Initial analysis of the data collected with the Triaxus sensors towed behind the R/V Lake Guardian confirms the base of the food web is smaller at the center of the lake, but the expected gradient isn’t there. Although it’s too soon to say for sure, this finding suggests that the role of surface productivity in Lake Michigan’s food web is more dynamic than previously thought.
Smarter data analysis
The scale and scope of CSMI field years means final results from the Lake Michigan Triaxus surveys won’t be released for roughly another year. But that’s considerably sooner than it would be if not for computer codes that automate some of the analysis.
Developed by engineers at the University of Illinois and programmers at the National Center for Supercomputing Applications (NCSA), these algorithms can read thousands of lines of data in near real time, filling in missing information and flagging unexpected results as they go—a process that would otherwise take months and suffer from more user errors.
And with each use, the modeling software running these algorithms get better at finding insights without being explicitly programmed to look for them.
“This is at the cutting edge of data analysis,” noted Collingsworth.
Beyond the Triaxus, open source algorithms have been developed for GLNPO’s Seabird sensors, which measure water quality characteristics throughout the water column, as well as underwater gliders that Hoffman and scientists at the University of Minnesota deployed during the 2016 Lake Superior field year to collect high-resolution data on the location of upwelling events, the structure of the deep chlorophyll layer and other lake dynamics.
“We’re talking about gigabytes of data—hundreds of lines per second,” said Hoffman.
Multiple data sets, one platform
Although CSMI field year data is currently managed by individual agencies and researchers, GLNPO and NCSA hope in the coming years to integrate the results into the online portal and visualization tool, Great Lakes Monitoring.
The planned expansion is made possible by the hybrid database NCSA built the tool on. Luigi Marini and eight other developers merged elements of the traditional relational database—imagine a series of spreadsheets— with something computer scientists call NoSQL.
“Because the tool wasn’t built for specific sources or data types, it is easier for us to ingest new data sources into the system,” explained Marini, senior research programmer at NCSA.

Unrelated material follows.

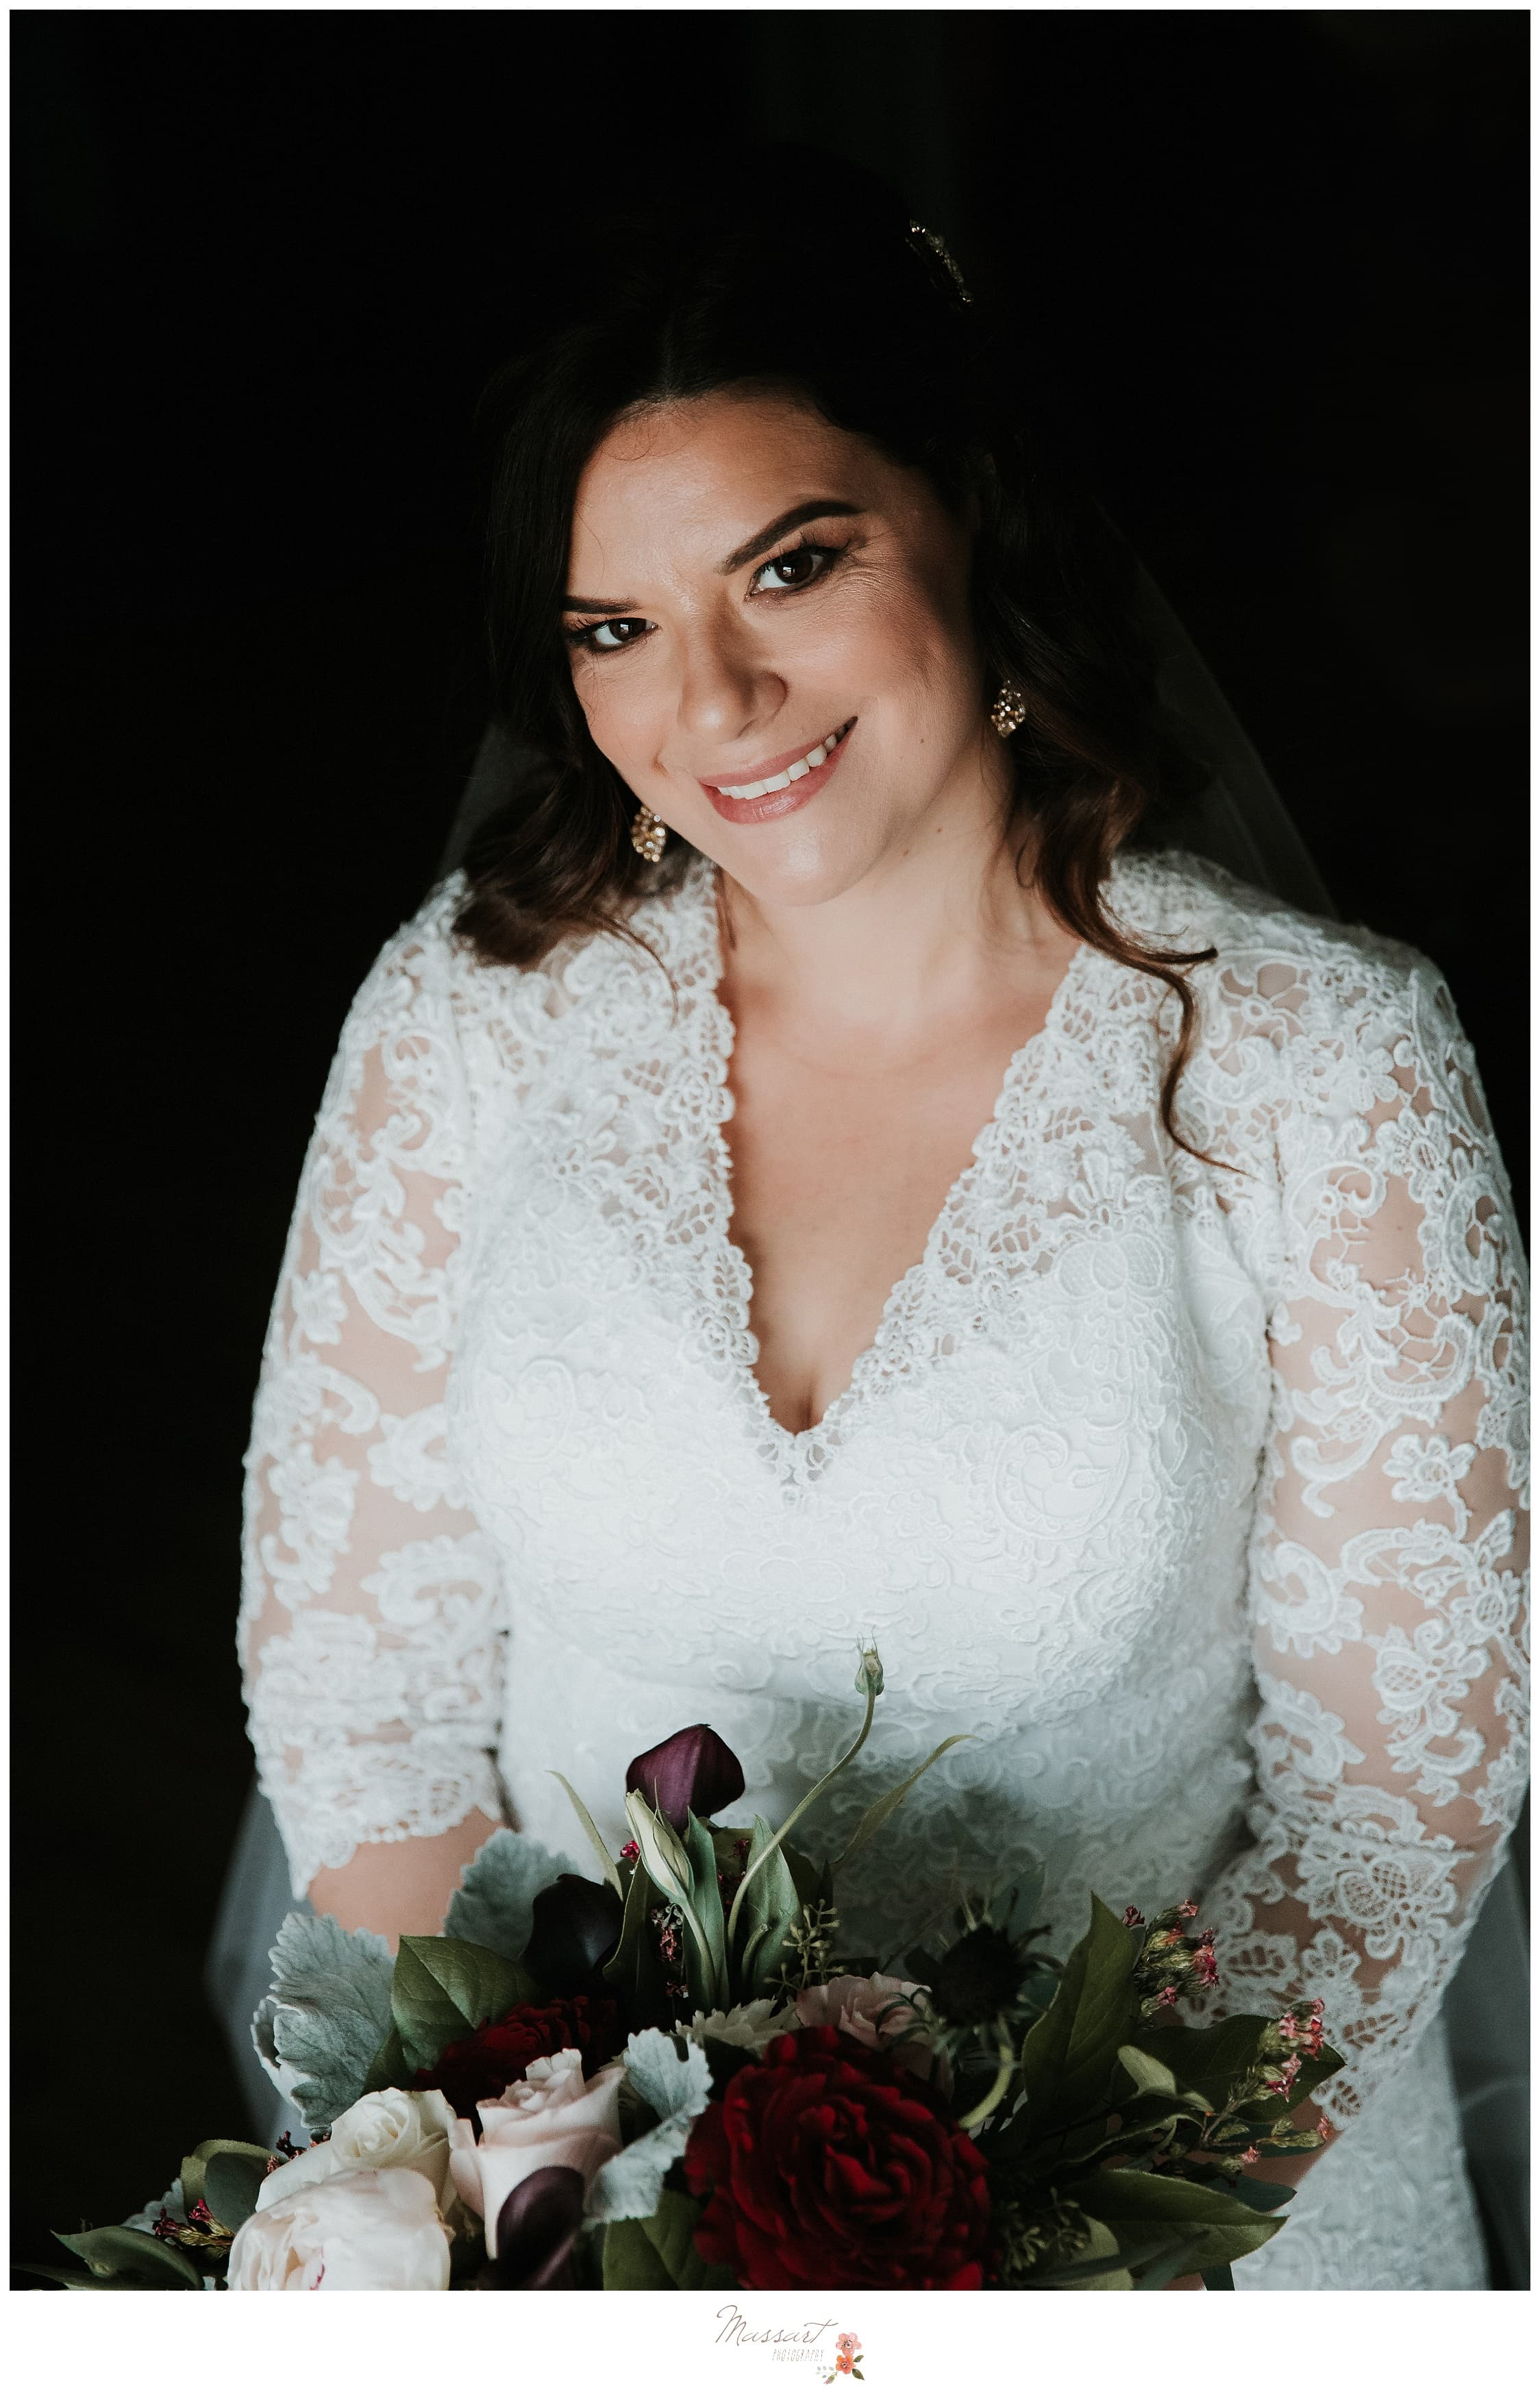 Portrait of the bride at the atlantic resort hotel in newport, RI by massart photographers

For Great Lakes scientists and natural resource managers, the result is a platform that makes it possible to quickly search and analyze decades of nutrient, contaminant and water characteristic data collected by multiple agencies using a variety of sampling methods. Much of the information available now comes from GLNPO, but USGS, NOAA, Heidelberg University and others have also contributed data from their environmental monitoring programs.
“Access to high-quality, continuous data has historically been a major hurdle to Great Lakes research,” said Brian Miller, director of IISG and IWRC. “What used to take months to retrieve now takes minutes.”
Marini, Collingsworth and the others behind Great Lakes Monitoring also plan to take advantage of the hybrid database to incorporate information from the Lake Erie dissolved oxygen loggers as well as the results of U.S. EPA biological surveys.
“It’s challenging but exciting to find ways to visualize these disparate types of data and sources—to bridge different types of data and make them accessible as a complete data set,” said Marini. “A tool that can do that is unique.”
“With these visualizations worked out,” added Collingsworth, “the growth potential for Great Lakes Monitoring is huge.”